» EXERCISE REQUIREMENTS
The data below is to be written out exactly, with no pictures.

(Beginning of SUPPLIED DATA)

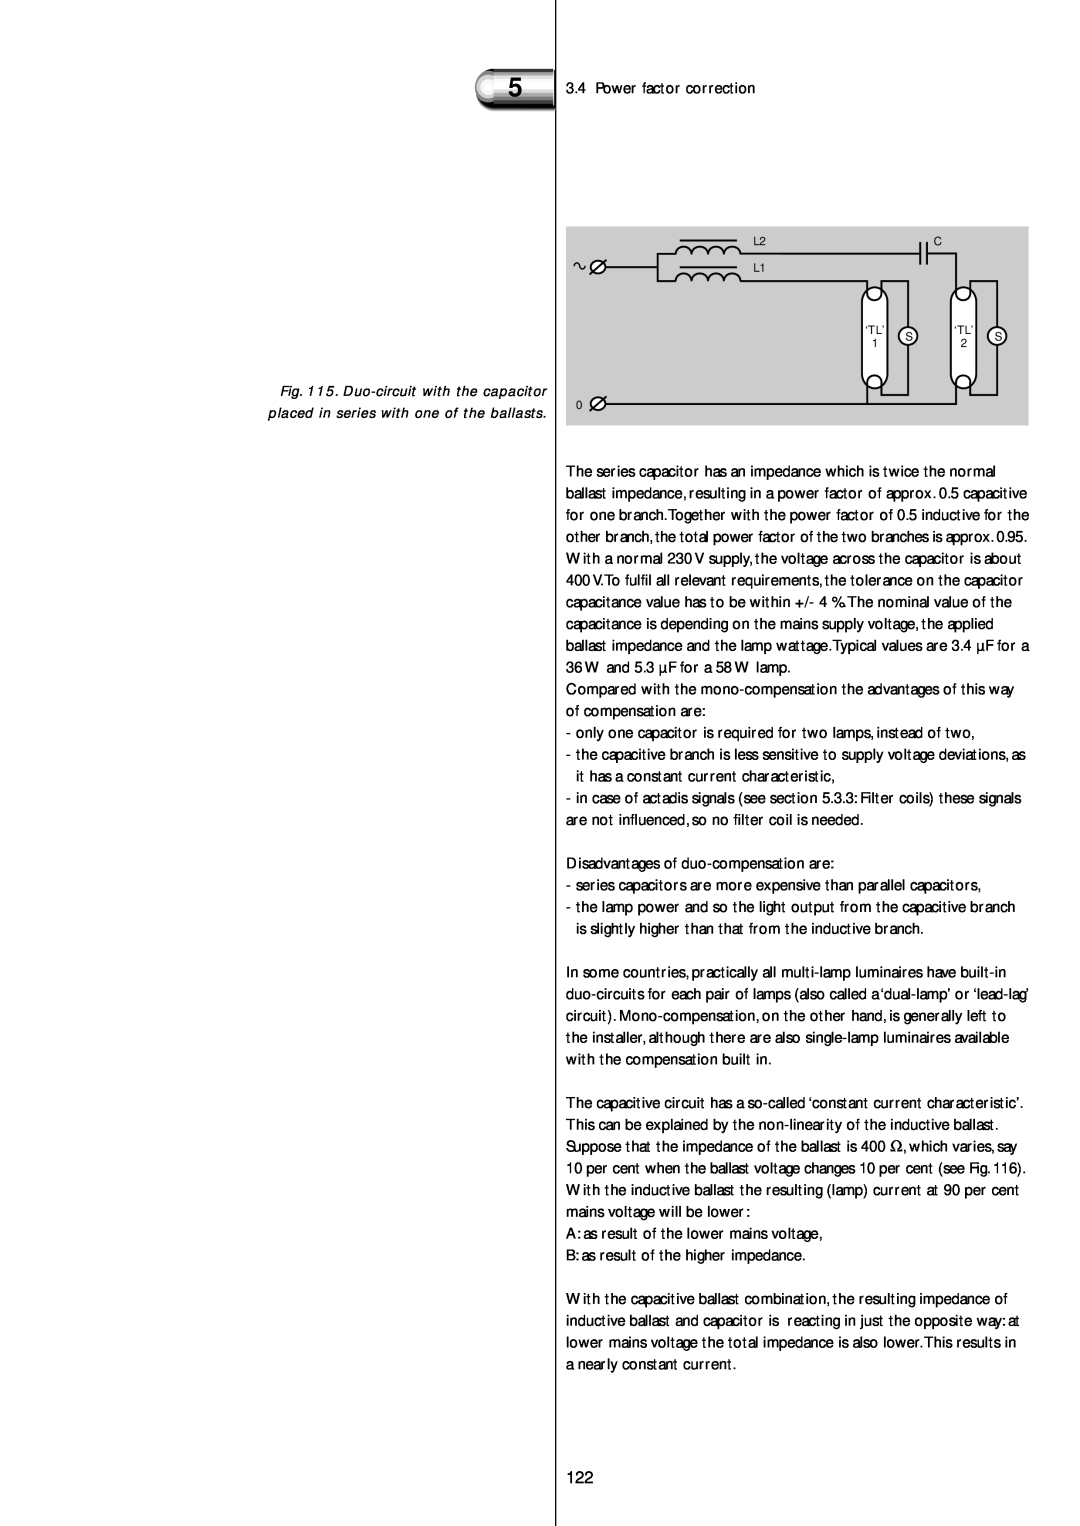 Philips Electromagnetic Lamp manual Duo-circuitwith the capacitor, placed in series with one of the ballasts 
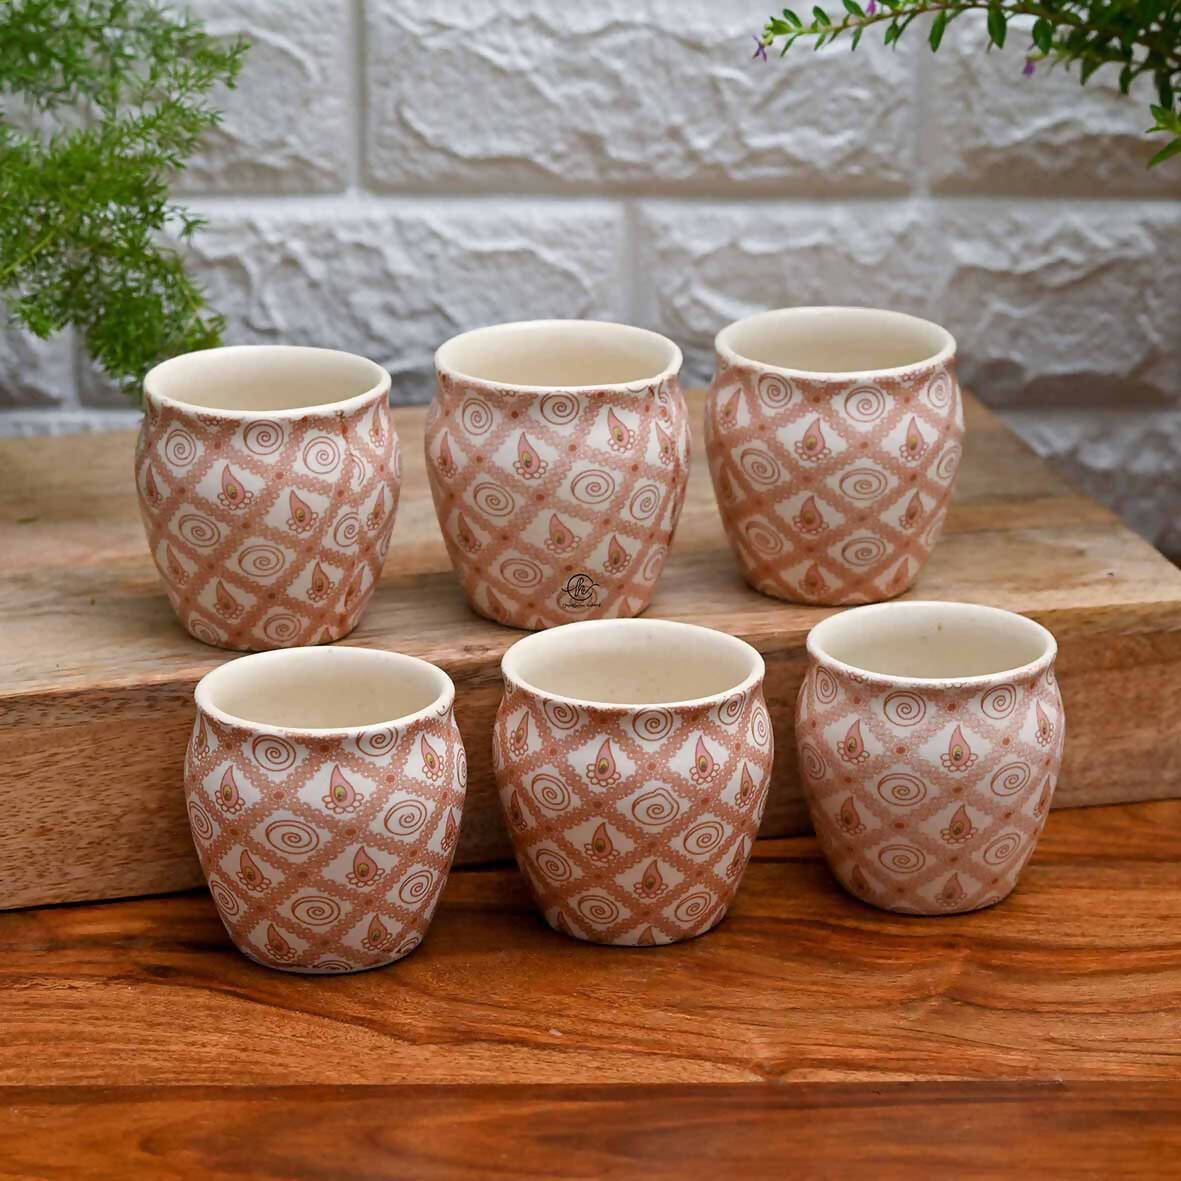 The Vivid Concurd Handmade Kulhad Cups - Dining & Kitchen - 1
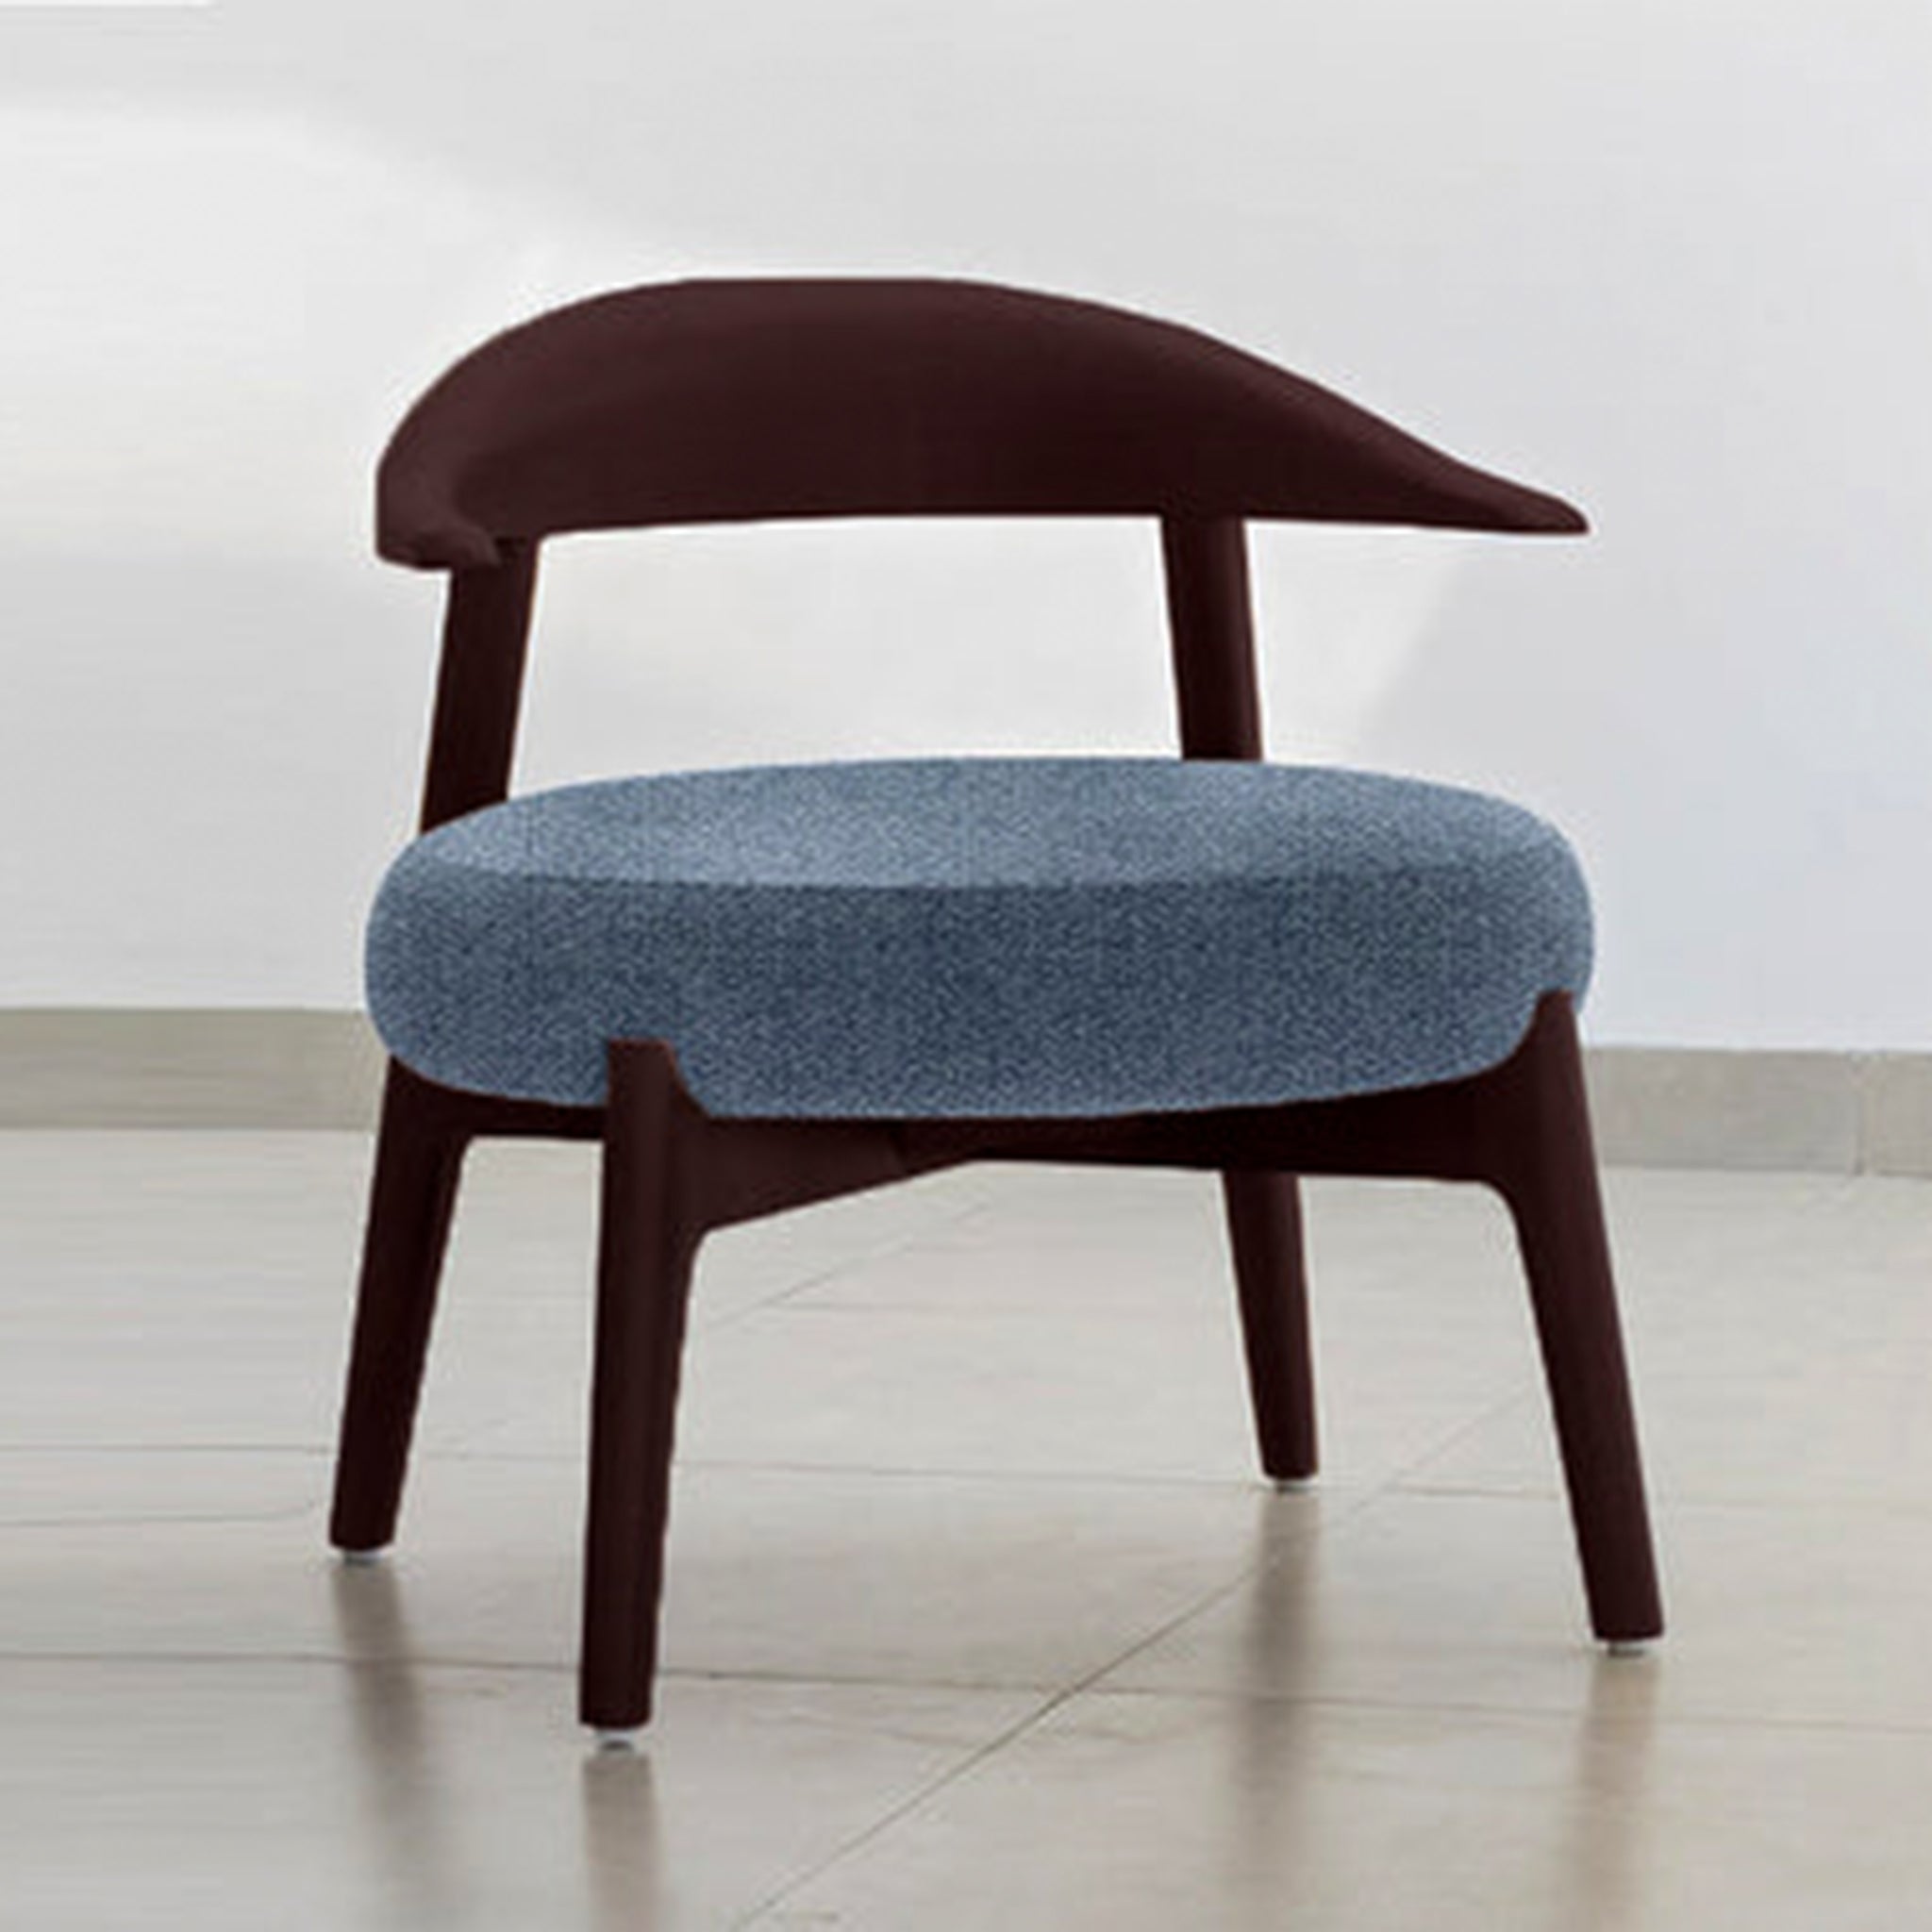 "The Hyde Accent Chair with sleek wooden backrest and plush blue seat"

(End of SUPPLIED DATA)

» TASK OUTPUT
 Philips Electromagnetic Lamp manual Duo-circuitwith the capacitor, placed in series with one of the ballasts 
 The Vivid Concurd Handmade Kulhad Cups - Dining & Kitchen - 1
 "The Hyde Accent Chair with sleek wooden backrest and plush blue seat"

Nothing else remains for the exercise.